San Giovanni di Malta (Chiesa Priorale di San Giovanni Battista dei Cavalieri di Malta), also known as San Giovanni del Tempio or San Giovanni dei Furlani, is a Roman Catholic church in the Castello sestiere of Venice, Italy, dedicated to John the Baptist. It is believed to have been established by the Knights Hospitaller (also known as the Knights of Malta) sometime after 1187, although it is sometimes linked to the Knights Templar. The present building was constructed between 1498 and 1505, and it is located adjacent to a priory. The property was taken over by the state in 1806 and the church was closed in 1810, but in 1841 it was handed over to the Sovereign Military Order of Malta, who reopened the church in 1843.

== History ==
The origins of the church are unclear. Its original name was San Giovanni del Tempio, and due to this some historians believed that it had been established by the Knights Templar and was passed on to the Knights Hospitaller after the Templars were suppressed in 1312. It is now believed that the church was actually established by the Hospitallers after Gerardo, Archbishop of Ravenna issued an edict on 9 November 1187 donating a plot of land in Venice to the Order so as to construct a church and hospital.
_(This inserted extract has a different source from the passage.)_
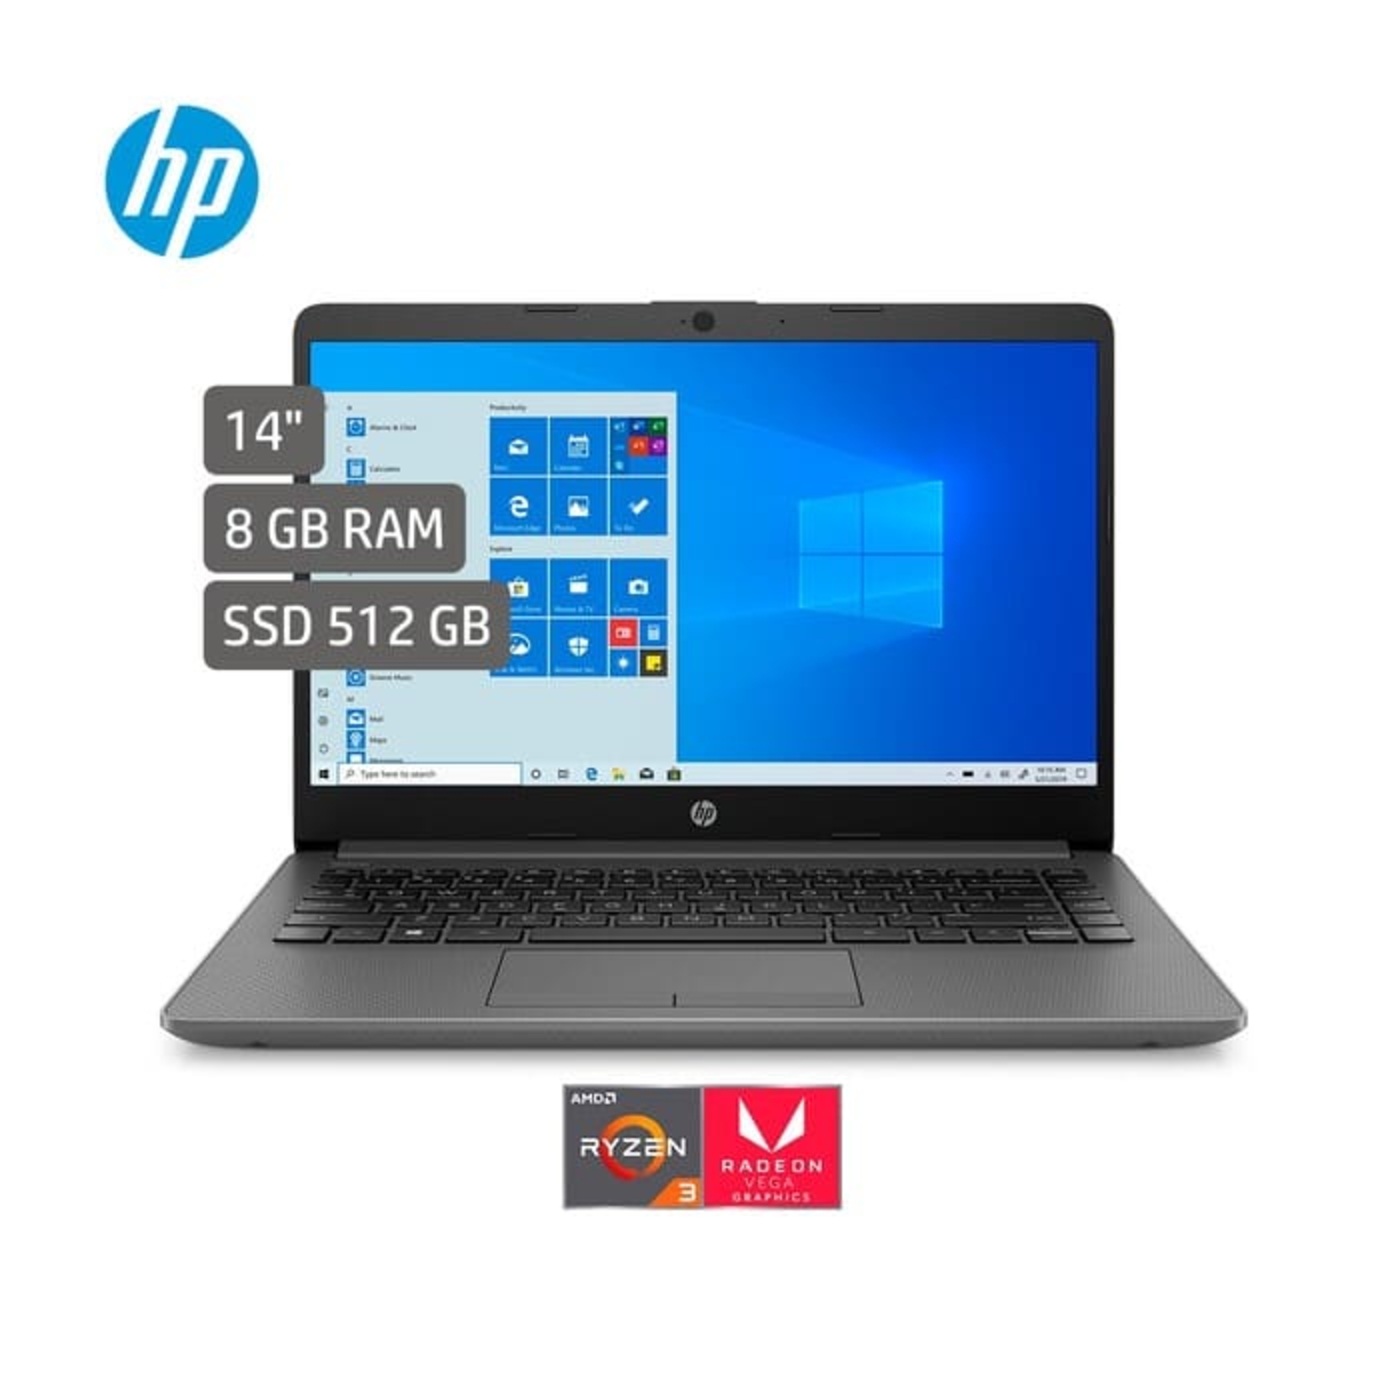 Computador Portátil HP 14" Pulgadas dk1009 - AMD Ryzen 3 - RAM 8GB - Disco SSD 512 GB - Negro

A priory and hospital named after St Catherine of Alexandria is located adjacent to the church.

The church was completely reconstructed between 1498 and 1505 during the tenure of Grand Prior Fra Sebastiano Michiel, and the oldest known depiction of the building is in the 1500 View of Venice by Jacopo de' Barbari. The building also came to be known as San Giovanni dei Furlani among locals after a community of Friulians that lived in its vicinity. The church later became known as San Giovanni di Malta after the Hospitallers established their main base in Malta in 1530 and were commonly referred to as the Knights of Malta.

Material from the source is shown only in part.